Secara global pada tahun 2012 angka kematian anak sebagian besar
disebabkan karena infeksi berulang dan faktor gizi, terkait faktor gizi diperkirakan
sebesar 45%. Sesungguhnya dengan promosi ASI eksklusif dan pemberian makanan
pendamping ASI yang tepat dapat mengurangi risiko penyakit kronis, angka
morbiditas dan mortalitas pada balita. ASI merupakan sumber gizi terpenting bagi
bayi untuk memenuhi kebutuhannya. Angka pemberian ASI secara eksklusif di dunia
hanya sekitar 38% (dari 100 bayi usia 0-6 bulan hanya 38 bayi yang mendapat ASI
eksklusif). Artinya terdapat 62% praktek pemberian makanan pendamping ASI yang
tidak tepat.
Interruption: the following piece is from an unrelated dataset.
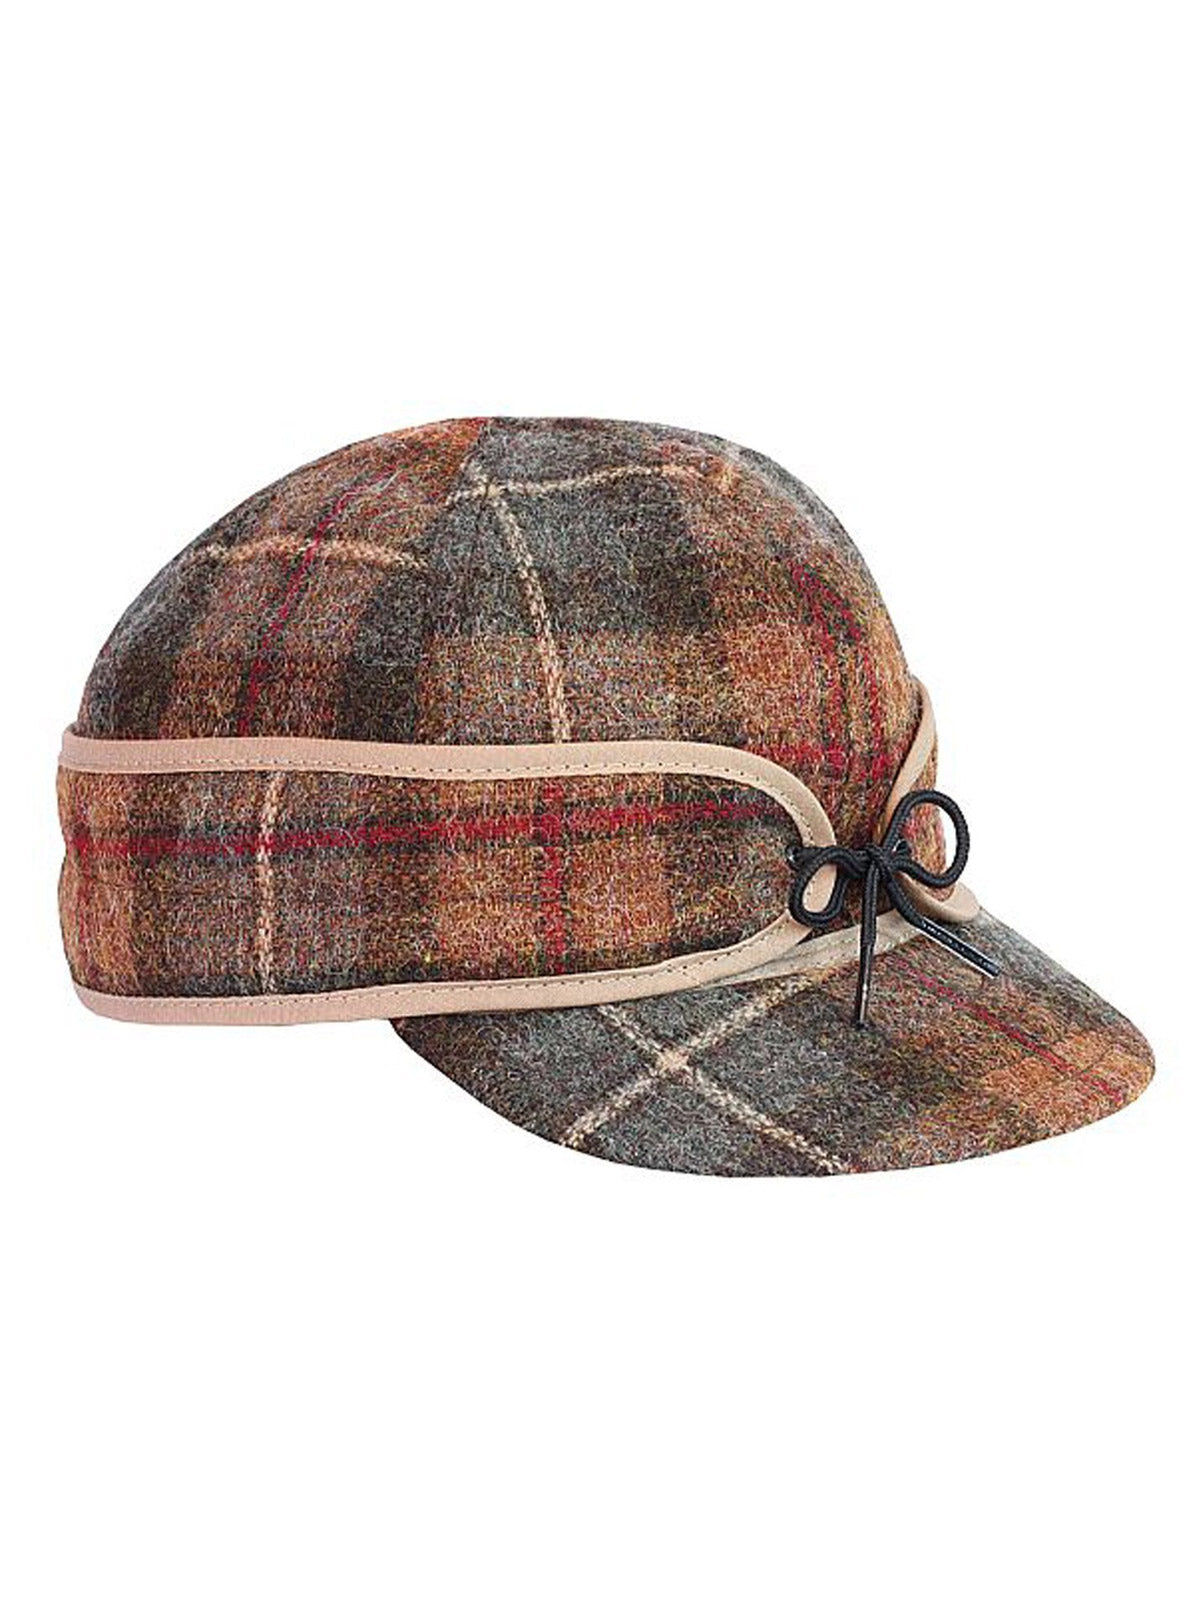 Origional Stormy Kromer Caps With Ear Band in Partridge Plaid - 50010-PTG

Padahal sudah banyak organisasi didunia yang merekomendasikan
pemberian ASI eksklusif namun angka cakupan pemberian ASI eksklusif masih
rendah (WHO, 2014).
Menurut Profil Kesehatan Indonesia tahun 2012 bahwasanya tingkat kematian
bayi di Indonesia masih tergolong tinggi yakni 20 bayi per 1000 kelahiran hidup jika
dibandingkan dengan negara-negara anggota ASEAN, maka Indonesia berada pada
titik 4,2 kali lebih tinggi dari Malaysia, 1,2 kali lebih tinggi dari Filipina, dan 2,2 kali
lebih tinggi dari Thailand (Kementerian Kesehatan Republik Indonesia, 2013).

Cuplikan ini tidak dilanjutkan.